Действительно, на пыли зеркала пальцем были написаны какие-то странные слова, лишенные смысла, а также, грубо нарисованные, несколько треугольников и пентаграмм.
– Вот на это я потратил более месяца.
Я приблизился и прочел то самое слово, которое он столько времени подряд повторял вслух.
Потом осмотр продолжался. Мы подымались по маленьким лесенкам, проходили коридоры, маленькие передние, ибо в доме было бесконечное количество надстроек и закоулков. Безобразов звал нас спуститься в подвалы. Но мы предпочли идти пить чай. По дороге Безобразов показал нам свою картинную галерею, или длинную комнату, в которой не было ни одной картины и только на задней стене, перед которой стоял покрытый пылью стул, висели прикрепленные кнопками репродукции трех луврских картин Леонардо да Винчи, Клода Лоррена и Густава Моро, двух рисунков Пикассо и одного пейзажа Кирико, изображающего огромное здание с черными окнами.
Затем Аполлон Безобразов показал другую пустую комнату, где хранилась его любимая коллекция шаров из различных материалов. Насколько я помню, там был огромный чугунный шар, весивший больше трех пудов, стеклянный шар, деревянный и несколько маленьких медных. Они были расставлены в нисходящем порядке своих величин, подобно модели солнечной системы, и Безобразов очень их любил и много часов подряд занимался тем,
Читал он нам также свое стихотворение, каждое слово которого было написано на стене другой комнаты и составлявшее одну строчку.
Авероэс выслушивал молча его объяснения, любезно полусклонив голову и слегка скривив рот и держа свою высокую шляпу с тем особенным полусострадающим-полуироническим выражением, с которым светские министры присутствуют на открытии памятников.
Впрочем, он был удивительно вежлив. Меня прямо поражало, с какой торжественностью он держал в руках немытую чашку с отбитой ручкой, как будто она была редкостным экземпляром китайского фарфора.
Он, так же как и я, любил Зевса за его меланхолическую самоуверенность колосса и огромные архитектурные позы, всегда напоминавшие Микельанджело. Он изумлял его своей средневековой любовью к науке и верой в нее, а малейшее слово Терезы повергало его в длительное молчание.

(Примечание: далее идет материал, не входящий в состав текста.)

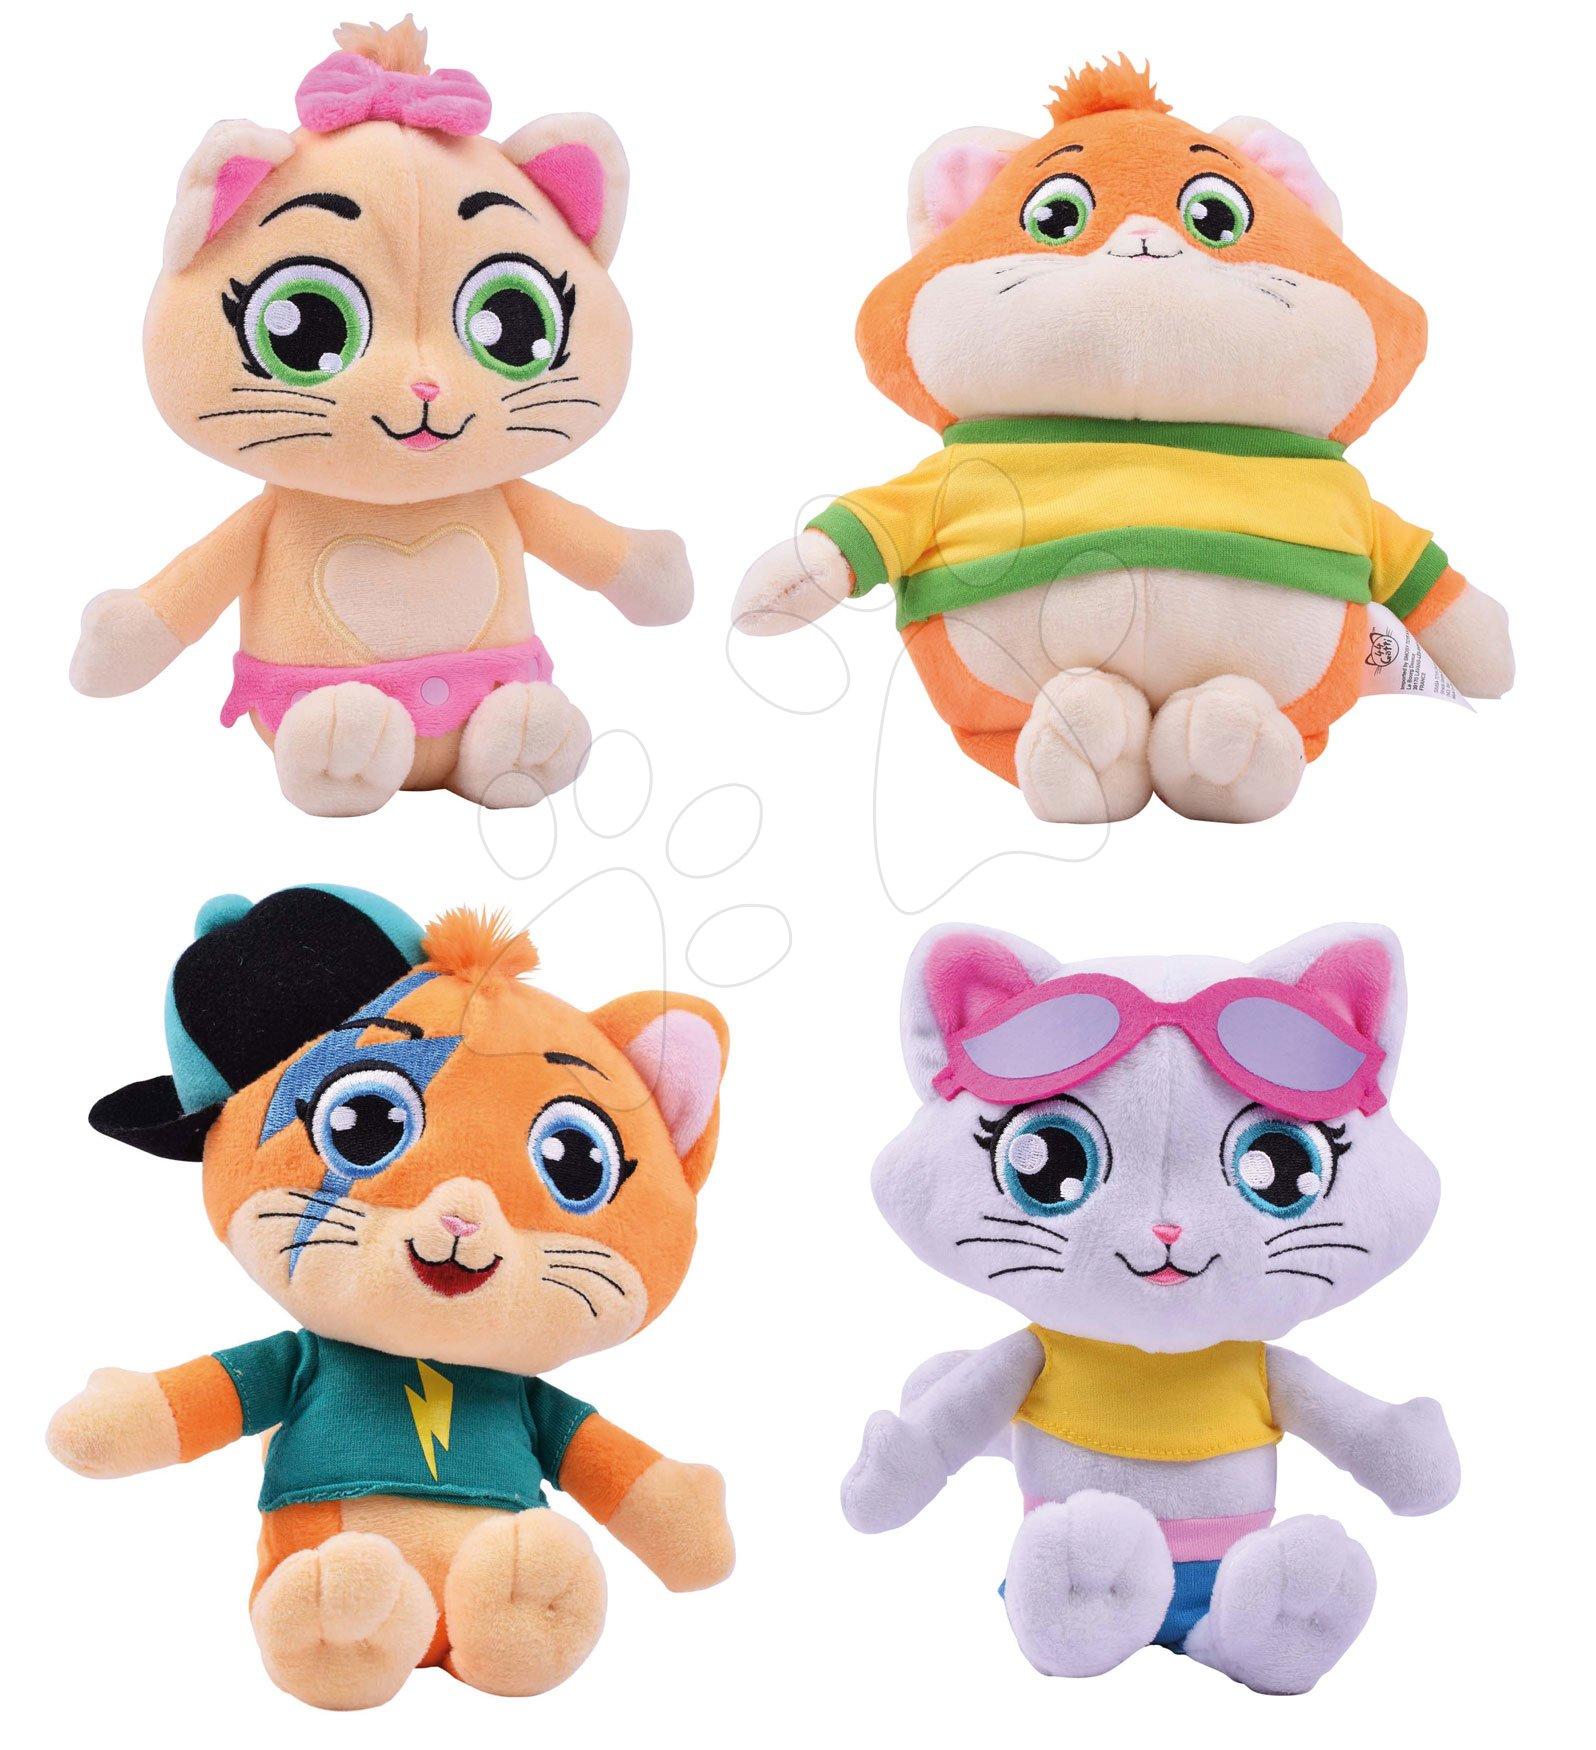 Set plyšové kočky hudební 44 Cats Musical Plush Smoby 21 cm set 4 druhy pro nejmenší od 0 měsíců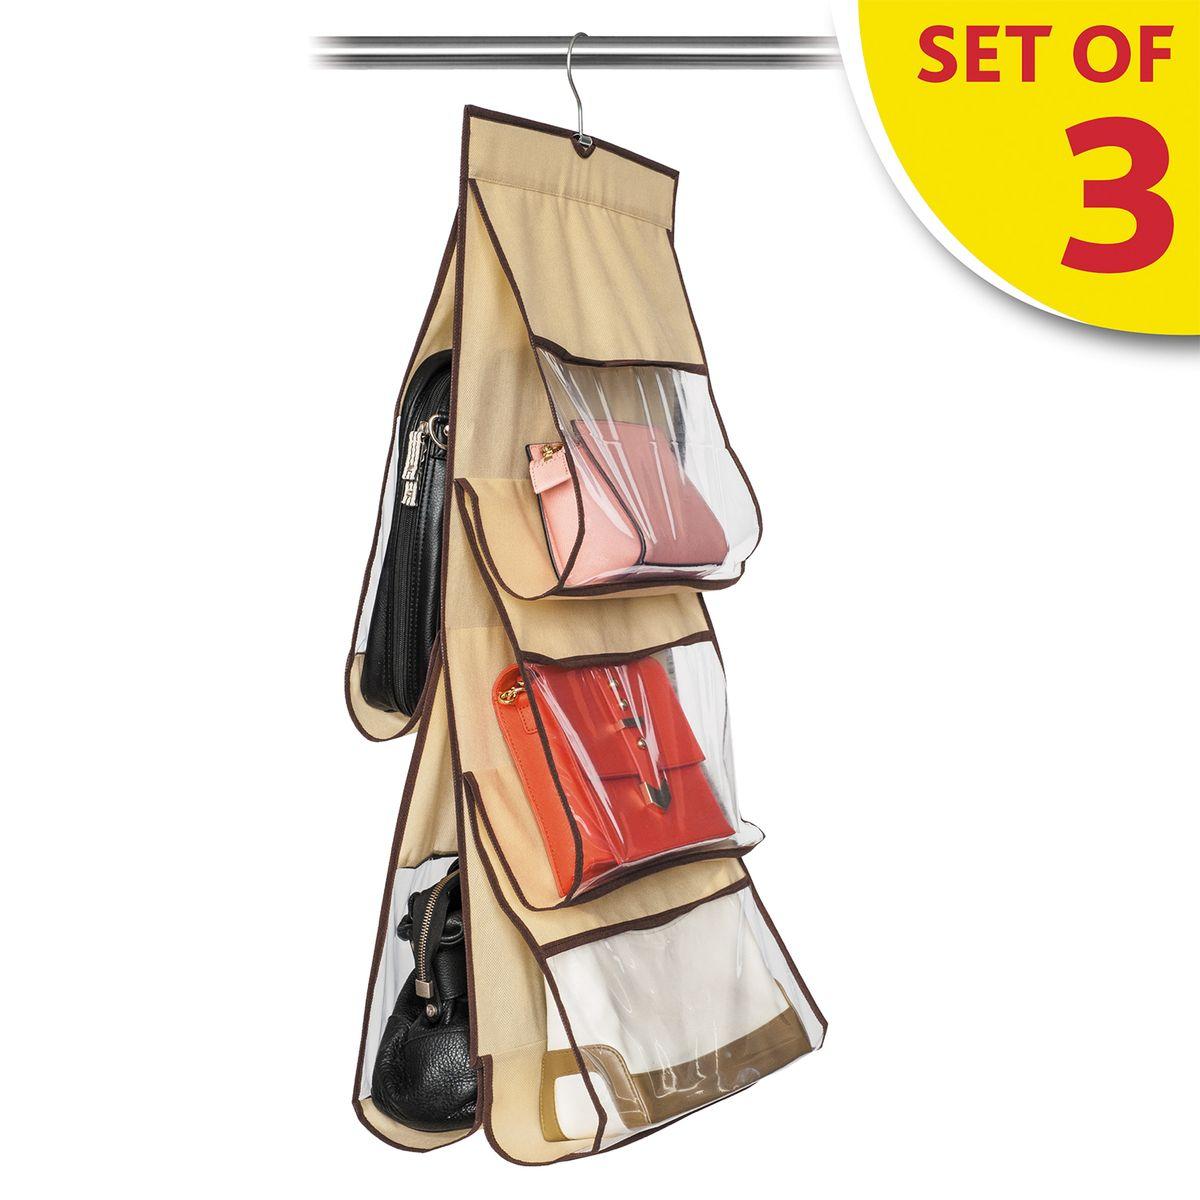 Набор органайзеров для хранения сумок в шкафу Tatkraft Kanga, 3 шт16149Tatkraft KANGA Набор из трех органайзеров для хранения сумок в шкафу. Двусторонний, 5 чехлов-отделений: 2 больших, 3 средних. Мягкий материал защищает кожу от повреждений, прозрачное окошко облегчает поиск сумки. Компактное, удобное и бережное хранение. Размер: 39?84 см.

Он искренно восхищался ею и как-то сказал ей одну из самых хороших фраз, которые я слышал. Я помню, разговор уже некоторое время прекратился, но он все еще находился в той оторопи, в которую повергают воспитанного человека явления неслыханного благородства. Тогда он вдруг сказал Терезе еле слышно, и, к сожалению, лицо его было в это время невидимо, ибо ночь пришла:
– Самое лучшее, это вам умереть.
Однажды он принес с собою тяжелый деревянный ларец, в котором оказался шар величиною с кулак с выгравированной картой земного шара. Это для Аполлона Безобразова. Терезе он присылал цветы из магазина, к концу зимы в таком большом количестве, что ее комната напоминала засыпанный снегом карликовый лес, видимый с большой высоты.
Тереза не выносила окрашенных цветов, она любила восковые гиацинты и огромные белые бульденэж, которые в России ставились в комнатах покойников. Она спала среди них, как Офелия среди водяных лилий, или целый день лежала уже в нижнем этаже, ибо мы, наконец, добились того, чтобы она покинула свою ужасную комнату с голубями. Она была необычайно слаба и казалась тяжело больной, хотя иногда она рано вставала в необычайно радостном, счастливом настроении и принималась мыть зеркала и чистить комнаты, как будто весь мир хотела переделать по-новому, но комнат было много и пыль была ужасающая. Она быстро слабела, уставала, как будто боролась со снегом, который со всех сторон налетал в этот ледяной дворец, и снова ложилась на свой низкий диван и, как больной ребенок, накрывала голову своей вытертой лошадиной шубой. Единственно, что могло ее развлечь и слегка пробудить от оцепенения, хотя не для жизни, а для другого оцепенения, более сладкого, но не менее таинственного, – это была автоматическая музыка, которая появилась в нашем доме вместе со своим необычайно дорогим ящиком из рук Авероэса.